Вообще говоря, нынешнее состояние общества можно назвать очередной стадией
духовной шизофрении, которая началась не вчера и даже не позавчера, а очень
давно, - в России, но и во всем мире тоже. Просто в России она приняла на
сегодняшний день брутальную форму.
- Как-то по телевидению выступал известный социолог Левада, и вот он заметил,
что в России достаточно широкий слой живет гораздо лучше, чем когда бы то ни
было (больше еды, развлечений, поездок), что не соответствует психическому
состоянию этих людей, для которого характерны отвращение, сознание униженности и
т.д. Вы с этим согласны?
- На самом деле, немногие стали жить лучше, а многие стали жить хуже, и
произошло очень большое расслоение. Стоит отъехать на 50 км от Москвы, туда, где
кончаются коттеджи Рублевского шоссе, и вы увидите, насколько многие стали «жить
лучше» – в кавычках.
Может быть, выборка у Левады, которого я очень уважаю, была на этот раз в
пределах Москвы, - не знаю, почему он пришел к такому выводу. Что же касается
муторности и отвращения, то это верно; дело в том, что ни у кого нет тыла и
какой-то социальной защищенности. Ее и раньше не было, но существовала хотя бы
иллюзия этой защищенности, а сейчас иллюзии нет, и, более того, нагнетаются
ужастики, ставшие постоянной пищей новостей, - вот там одного чикнули, там
другого убили, никакой губернатор, никакой бизнесмен не чувствуют себя в
безопасности.
Был период, когда я довольно много занимался психотерапией руководителей
новоявленных банков, которые в какой-то момент, еще до дефолта, выросли повсюду,
как огромные грибы-поганки. Наворовали, набрали денег, и вот появились эти самые
новые русские, некоторые из которых по старой памяти, или по свежей, обратились
ко мне со своими проблемами. Я помню одного банкира, - банк был довольно
крупный, но во время дефолта лопнул, не устоял – так вот он сидел на своем
рабочем кресле, и волновался, ерзал: «Мне сейчас надо в туалет выйти, где там
охранник ?» Другой приезжал ко мне домой, 34 года мужику, уже весь бледный –
гипертония. Начали разговаривать, и тут он говорит: «Вы извините, но в этой
комнате позвольте посадить вот того человека», - хотя, казалось бы, от кого его
там охранять? Вот вам иллюстрация к сказанному.
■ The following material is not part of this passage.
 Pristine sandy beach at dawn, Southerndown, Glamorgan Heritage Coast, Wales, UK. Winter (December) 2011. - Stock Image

- Владимир Львович, если бы вас как профессионала попросили нарисовать
психологический портрет президента Путина, каким бы этот портрет оказался? Вы
как-то утверждали, что президентские лобные доли внушают оптимизм.
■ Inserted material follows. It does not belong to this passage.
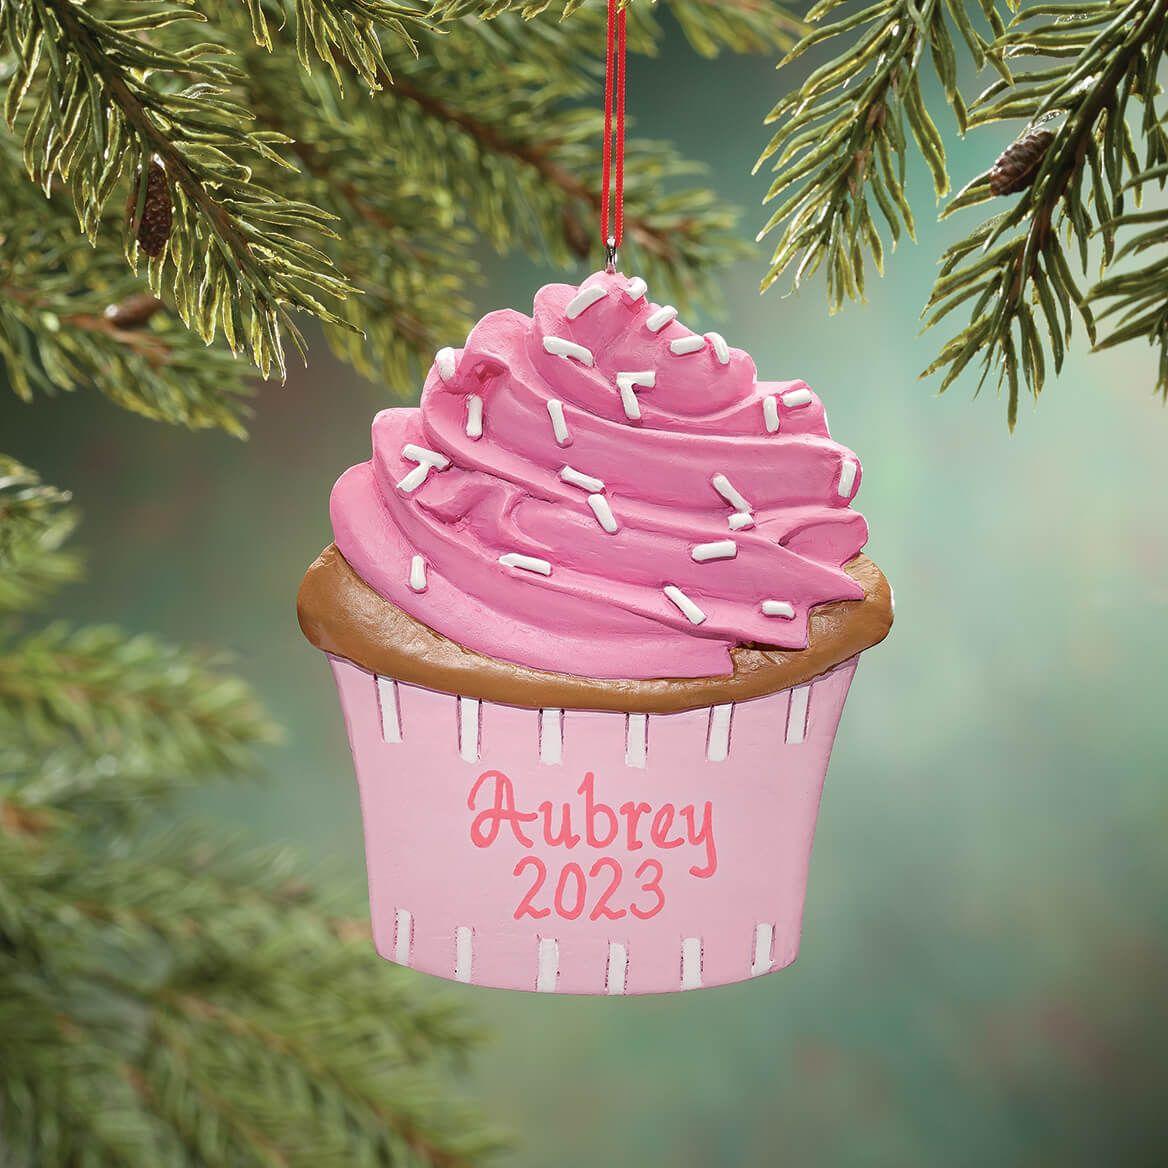 Personalized Cupcake Ornament-349263

- Это большой и сложный вопрос, вообще говоря, у меня была мысль подготовить
серию публикаций, а может, даже и книжечку под грифом « каждому политику – по
психоаналитику». Скажу вам вот что - я вижу, к примеру, тенденцию к довольно
успешному, но неполному одолению президентом некоего комплекса, который я бы
назвал «комплексом шестерки», комплексом второго человека, а не первого. Мне
кажется, что Путин наиболее комфортно чувствовал себя раньше, на своих
полутеневых ролях, - вот он был вторым человеком при Собчаке, и очень успешно
действовал в этом качестве, я не говорю уже о его предыдущей работе в
соответствующих органах. Кстати, высказывается мнение (хотя я не знаю, насколько
оно верно), что он и сегодня имеет вкус к прежней профессии, но уже на другом
уровне. Впрочем, это не относится к психоанализу; более глубокие
психоаналитические характеристики я не хотел бы разменивать на масштабы и формат
интервью.
Добавлю вот еще что – Путин, безусловно, человек очень закрытый, иногда из него
прорывается непроизвольная агрессивность, вы ведь помните его знаменитое
«террористов мы будем мочить в сортире».. >>> |
-- Вы упоминали о «комплексе второго
человека». Следует ли это понимать в том смысле, что президент лишен харизмы?
- Вы знаете, однозначно этого сказать нельзя. У него свои позитивы в плане
харизмы, и с помощью своих помощников он, я бы сказал, растеплил нужную ему
часть электората. Последние пару лет Путин свободно держится на публике, он
очень спонтанен, кроме того, его плюс – возможность оперировать конкретными
цифрами. У него прекрасная память, и когда он дает свои открытые сессии и два
часа подряд говорит о разных вопросах, это впечатляет. Столь конкретно
компетентного руководителя в России я не припомню – Путин действительно знает
то, чем занимается, в отличие от уймы его партийных предшественников.
Мне кажется, он был бы идеален на должности председателя правительства, чью
функцию он практически и исполняет. Президент – это все- таки другое, это
флагман государства, и Путину в этом смысле не хватает масштабности и какой-то
общей стратегичности, ощущается, на мой взгляд, некоторая мелкотравчатость. Но,
быть может, такой конкретный председатель правительства на нынешнем этапе
принесет большую пользу стране, чем общий идейный руководитель.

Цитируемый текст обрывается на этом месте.